I hope Yoffie isn't holding his breath, because during an election campaign Bibi will be appealing primarily to his base and is unlikely to say any of this.  But it doesn't mean we need to remain silent.

As the Israeli elections approach, world Jewry has a chance to provide the next government of Israel a way toward realizing the goal of Israel being a truly Jewish and democratic state.

To demonstrate the breadth of concern for Israel's democratic and Jewish future among Jews worldwide, a campaign to garner 10,000+ signatures on "A Vision Statement: Israel as a Jewish and Democratic State" is being launched by Ruach Hiddush, a trans-denominational coalition of Rabbis and Cantors.  The Statement, co-written by an Israeli Reform and an American Orthodox rabbi, presents a concrete plan that insures that the country's democratic and Jewish values remain the essence of all that Israel is.

Join with religious and community leaders, intellectuals and philanthropists in support of the Revivot Yisrael Campaign - and sign the statement, as I already haveand add your voice to the large and growing number of Jews in every corner of the world who share this vision of unity through diversity.  To sign, click on this link.

The campaign is the being sponsored by Hiddush, whose leader, Uri Regev, spoke here not long ago.

I truly believe that this is a time for American Jews to reengage with Israel, even where there is disagreement.   Change happens - but only when people care enough to act.

A month ago, Israel's most prophetic voice since Jeremiah, Amos Oz, passed away.  To commemorate the thirty day anniversary of his passing, Da'at, a travel company, put together a collection of quotes by Oz. 

As we contemplate Israel, or America, for that matter, keep in mind this Oz quote from an extensive interview he did in 2016:

Now, Israel is a fulfillment, and as a fulfillment, it is flawed. The fact that it is flawed is not so much a testimony about the failures of Israel. No, it is a testimony about the nature of dreams. The only way to keep a dream, any dream at all, to keep a dream perfect and rosy and intact and unsullied is never to live it out.

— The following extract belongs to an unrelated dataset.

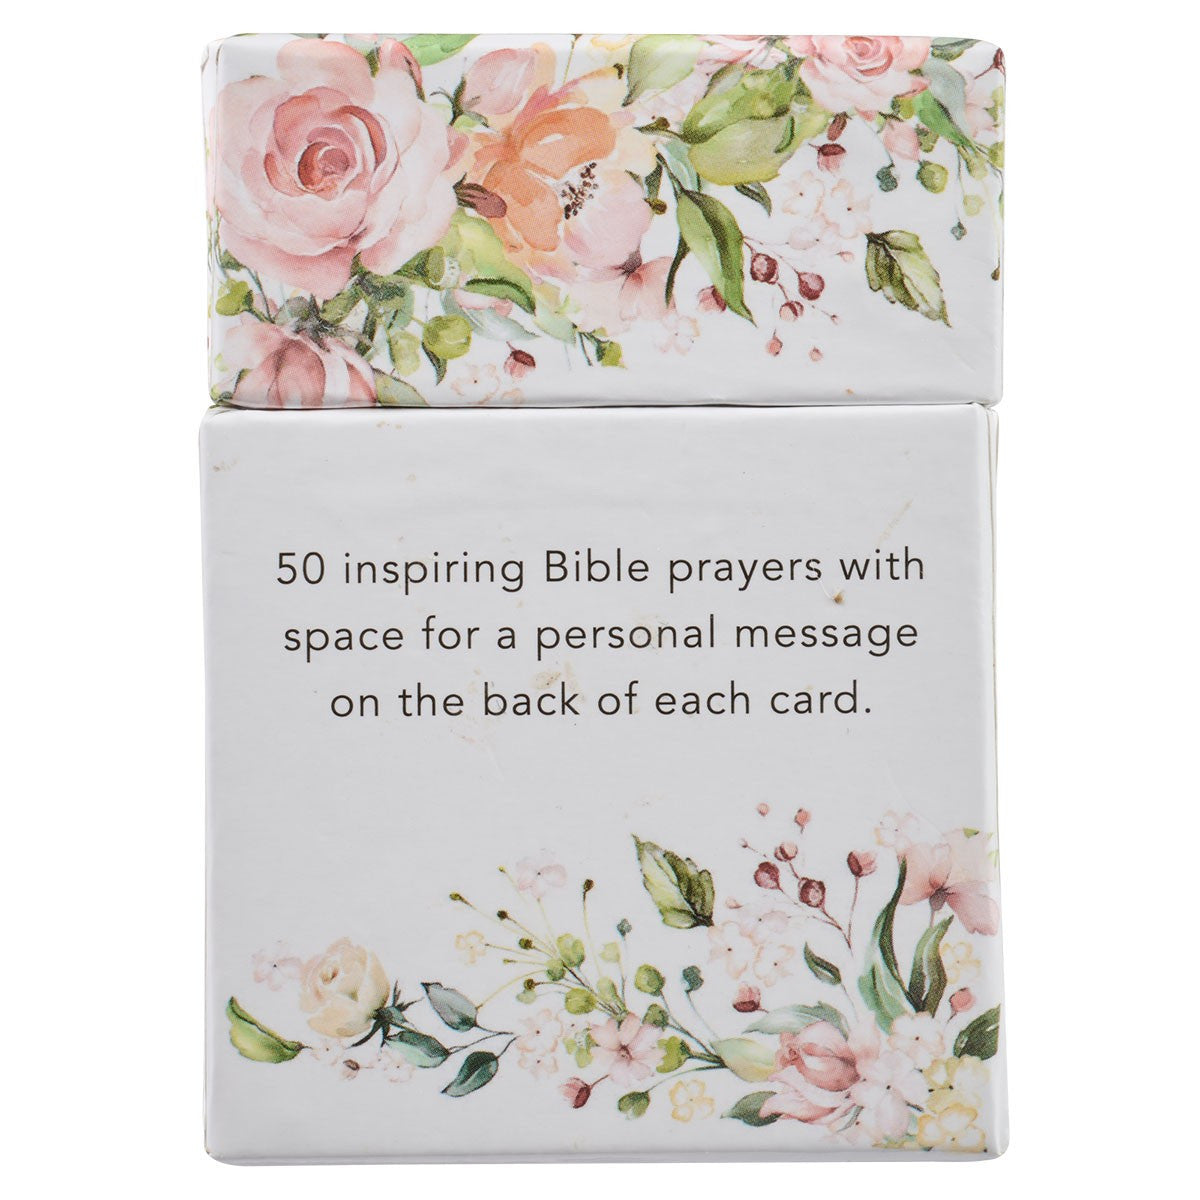 Prayers to Strengthen Your Faith | Box of Blessings

The moment you carry out any of your dreams or your fantasies-travel around the world, climbing a high mountain, buying a new house, writing a novel, carrying out a sexual fantasy, traveling to an unknown country-the moment you carry out your dreams, it's always, by definition less perfect and rosy than it had been as a dream. This is the nature of dreams. And Israel-let's not forget it-Israel is a fulfilled dream.